On Sunday, Keith Gill, the “Roaring Kitty” meme stock investor who revived GameStop and AMC Entertainment share trading last month, reported on Reddit that he had bought approximately $116 million in GameStop stock.

He also acquired 120,000 $20 call options, according to the screenshot. Gill has until a certain date to buy 12 million GameStop shares at $20 each. GameStop shares closed Wednesday at $46.55, more than quadruple the options’ price. His screenshot on Monday showed $54 million in paper gains in one trading session.

Gill shared a new photograph on Thursday showing that he had not sold any GameStop positions since the Monday screenshot and that his holding is worth over $500 million. CNN has not verified the screenshots.

Gill’s comeback on social media boosted meme stocks like GameStop and AMC Entertainment, reminiscent of 2021’s market craze. Meme stocks are shares of cult companies that fluctuate based on social media popularity rather than fundamentals.

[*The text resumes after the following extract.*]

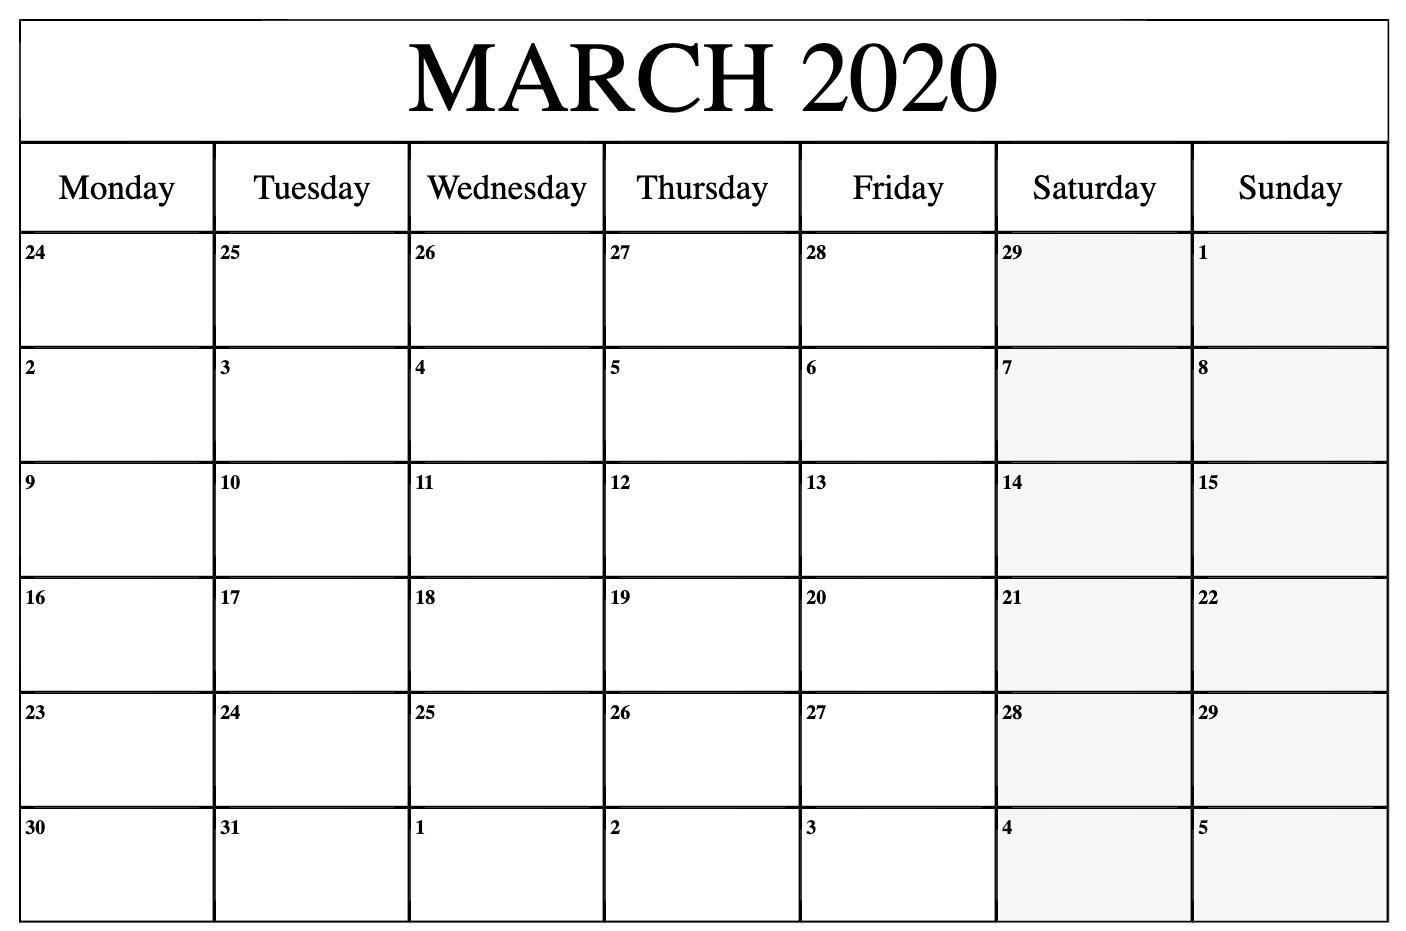 March 2020 Calendar PDF

Gill may be subject to regulatory examination due to the high value of his portfolio and GameStop and AMC Entertainment share activity in recent weeks. Gill has not advised anyone to buy GameStop stock or predicted its moonshot. His only communication has been memes, gifs, brief videos, and portfolio images. Gill may not be behind those posts.

Wall Street is still watching. The screenshots appear to be from E*Trade, which the Wall Street Journal claimed on Monday was considering firing Gill. Gill purchased a “large volume” of GameStop options before posting on X for the first time in three years in May, according to the Journal.

Gill may have acted unethically, according to Freedom Capital Markets chief global strategist Jay Woods. Woods doesn’t think it’s criminal because the trader hasn’t advised anyone to buy the stock or stated anything.

This story was not commented on by Morgan Stanley, which controls E*Trade. Gill declined comment.

Gill isn’t the only trader to inspire copycats. In May, Warren Buffett’s Berkshire Hathaway revealed a $6.7 billion stake in Chubb, raising the stock price of the insurance company. But Chubb shares have only climbed 4% since Buffett’s position was announced. Since Gill returned to social media, GameStop and AMC Entertainment shares have risen 167% and 99%, respectively.

Should I compare Keith Gill to Warren Buffett? No, although Gill’s influence is similar. Some want to ride his coattails, said Woods.

The Securities and Exchange Commission is investigating GameStop call options trading activity around Gill’s social media posts because of internal suspicions that it may be manipulation, the Journal reports.

A SEC representative told CNN that the agency “does not comment on the existence or nonexistence of a possible investigation.”